Task 1: Adaptive security management in BlobSeer

Goals. The increasing popularity of Cloud computing results in a need for efficient and secure data management. One of the most relevant security topic in cloud data management refers to preventing the users from damaging the stored data or from breaking security policies and data-access protocols. We aim to further improve the security of a large scale data management system such as BlobSeer. The goal is to introduce adequate authentication and authorization mechanisms for BlobSeer users and preserve their privacy through anonymization. Another goal is to extend the security framework that protects the system against malicious usage with adaptive security policies that take into account the past actions of each user. Furthermore, we aim to provide a secure environment to deploy web services over BlobSeer. Each user must have the capability to deploy his own web services that rely on BlobSeer as a data management backend. In addition, a user must be able to securely invoke these services, request access to the services of other users or grant access to the services he has deployed.

Results. We  proposed  a  novel  security  layer  for  the  BlobSeer  data  management  system as well as a  number  of  security  enhancements  to  ensure  a  practicable  and  secure  client  access  management. Our solution offers certificate management, encryption capabilities, as well as credential management and access control lists. Using these mechanisms we enable authentication, authorization and secure data transfer. The proposed solution was integrated into BlobSeer, which offers high performance for data transfer and efficient data management. We tested our solution, proving that it handles all the security tasks very efficiently,without adding any significant overhead to the data management system, thus preserving the overall performance of the system. We also focused on Cloud infrastructures and we developed mechanisms to allow secure access to web services in a Cloud environment for data intensive web services using BlobSeer as a data management backend. We developed an efficient system which provides an adequate level of security for web service-based applications which includes rights management and secure communication.

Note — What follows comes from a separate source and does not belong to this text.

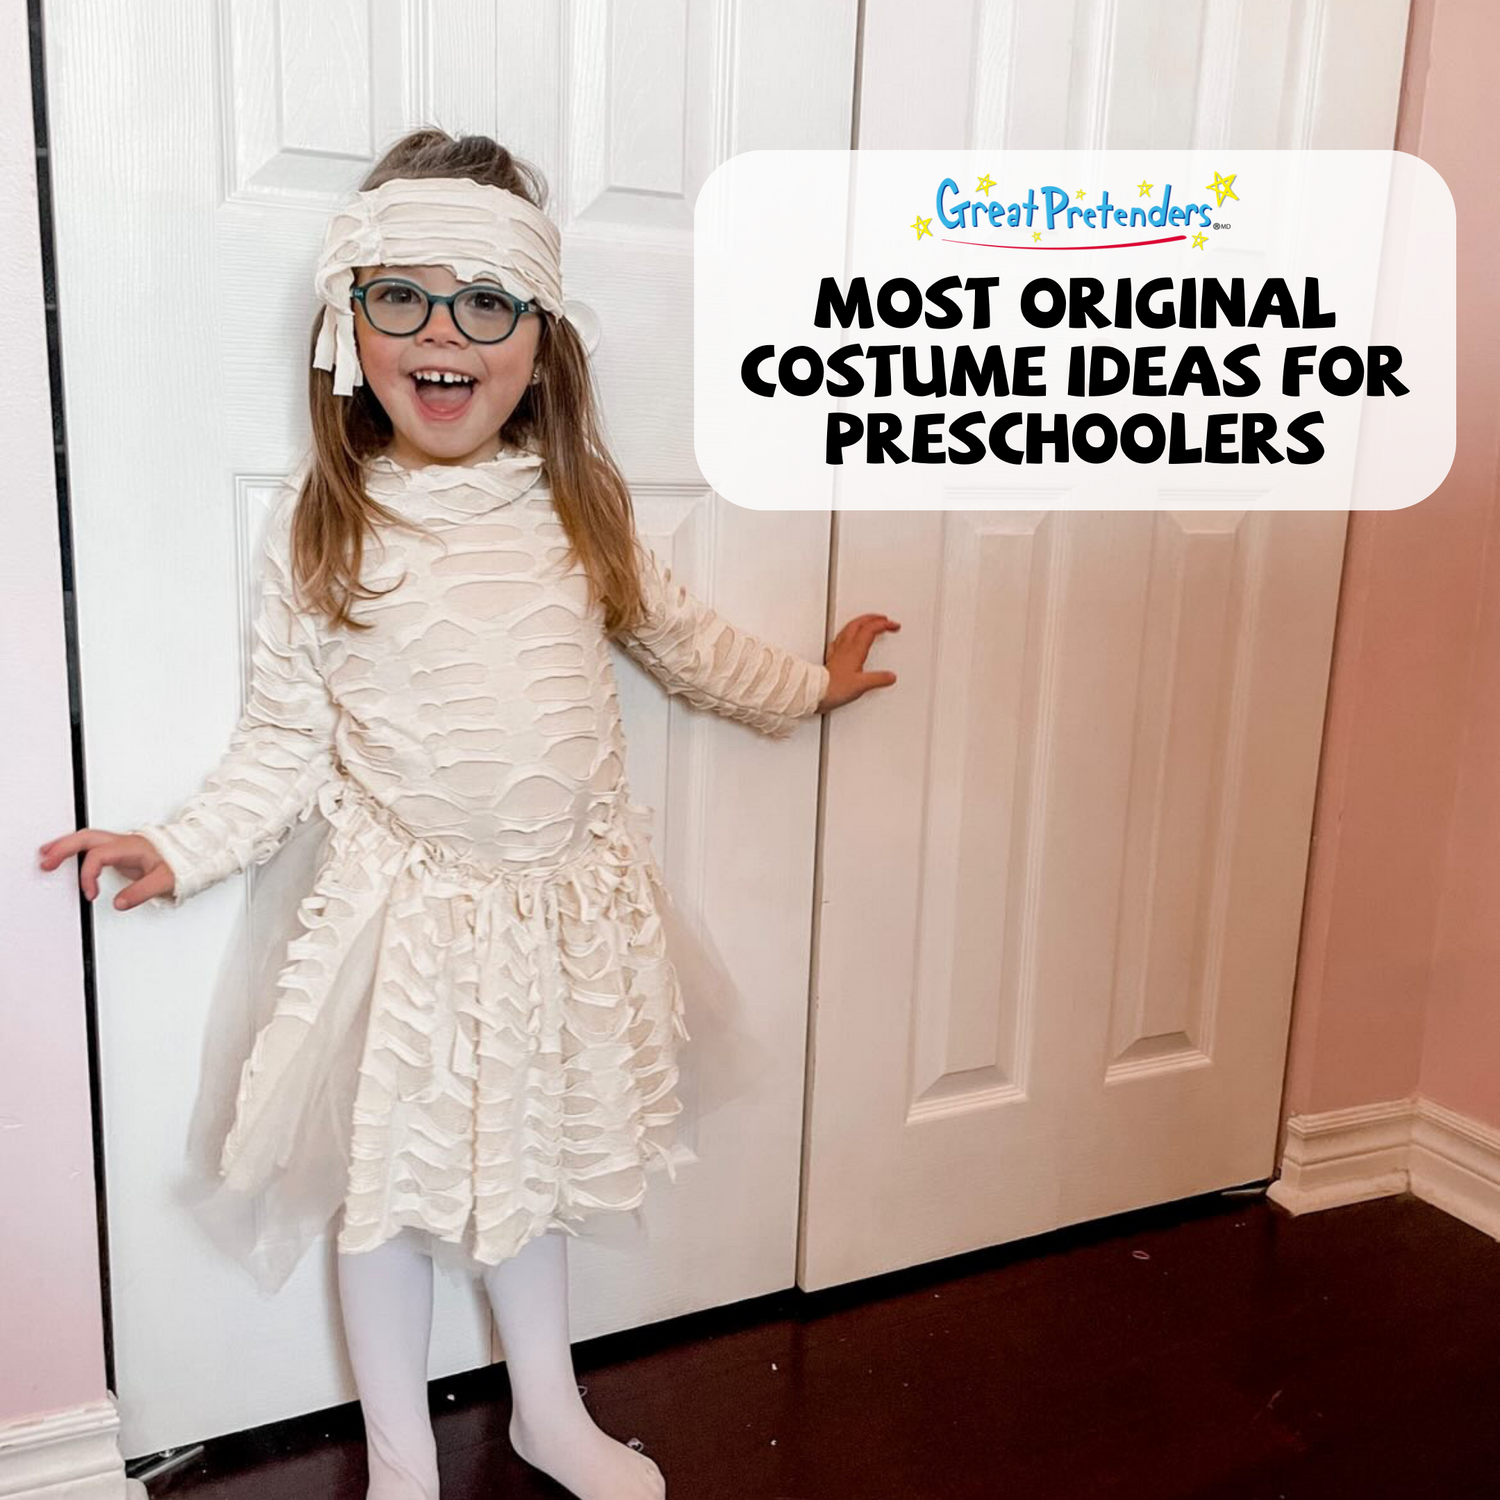 Most Original Costume Ideas for Preschoolers

Several Romanian students were involved in this task for their BS theses, at PUB:

Improving the Security of BlobSeer

(Click for more information)

  • Student: Cristian Marinescu (PUB)
  • PUB Advisor: Catalin Leordeanu (PUB)

BlobSeer Client Access Control

(Click for more information)

  • Student: Raluca Baban (PUB)
  • PUB Advisor: Catalin Leordeanu (PUB)

Secure Access to Cloud Services using BlobSeer

(Click for more information)

  • Student: Oana Goanta (PUB)
  • PUB Advisor: Catalin Leordeanu (PUB)

Task 2: Autonomic Behavior in BlobSeer based on Introspection

Goals. The autonomic management of a distributed storage system aims to support its adaptive steering towards an optimized performance and resource consumption, without the need for human interference. One approach to enhance BlobSeer with self-* properties is by enabling a dynamic allocation scheme for the data providers, that takes into account information provided by an introspection layer (e.g., number of accesses per provider, location awareness, transfer and storage cost ratio). We further aim to introduce mechanisms for deleting data from BlobSeer, in order to support both the adaptive replication (by allowing the decrease of the replication factors) and the self-protection from malicious clients that could overload the system by writing large amounts of data to affect the total available disk space.

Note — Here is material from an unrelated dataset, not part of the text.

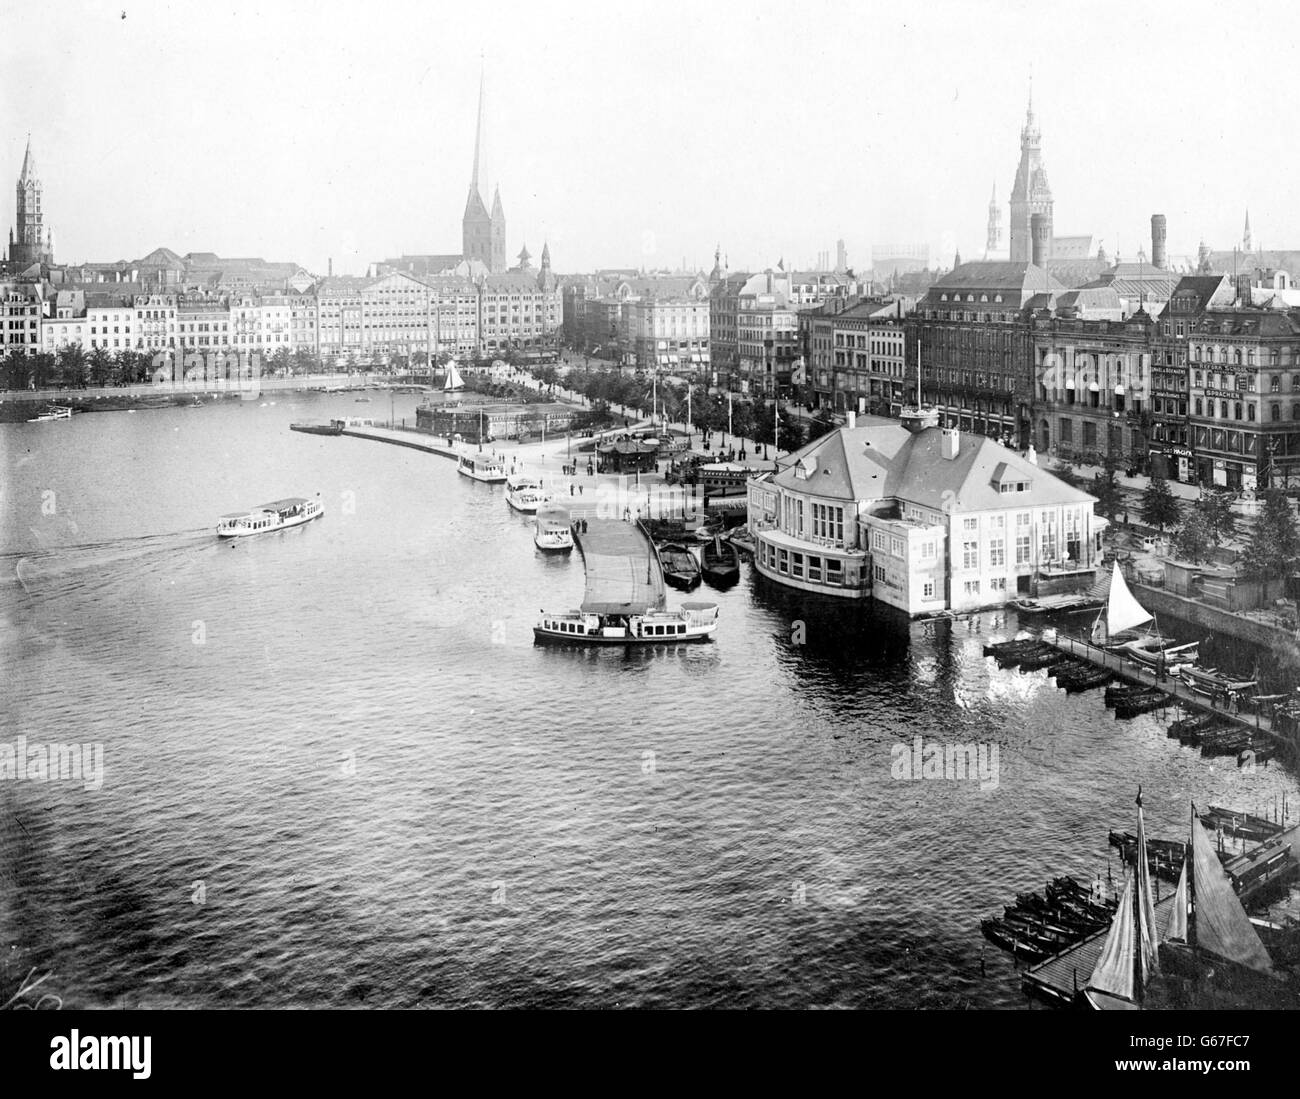 hamburg general view. A general view of Hamburg, Germany. Stock Photo

Results. We continued our work on enabling BlobSeer with self-adaptive features by dynamically maintaining the replication factors of the data. We enhanced the data replication module with the ability to automatically decrease the data replication factor by means of real-time monitoring with MonALISA. The
 support the
 BlobSeer's Replication
needed value for the replication 
 The decision is further enforced by consistently updating the metadata information to reflect the updates. We also addressed the issue of garbage collection in the BlobSeer data management system. Malicious users can add false data or use inefficiently the available storage space. Taking this into consideration and the fact that data is always created and never overwritten in the system, the issue of being able to delete unwanted data becomes crucial. As a result, we proposed a BlobSeer data deletion algorithm which can be used to eliminate false data that would otherwise pollute the system.

Two Bachelor theses at PUB focused on this task:

Dynamic Replicas Contraction in BlobSeer

(Click for more information)

  • Student: Alexandra Firica (PUB)
  • Inria Advisor: Alexandru Costan (KerData)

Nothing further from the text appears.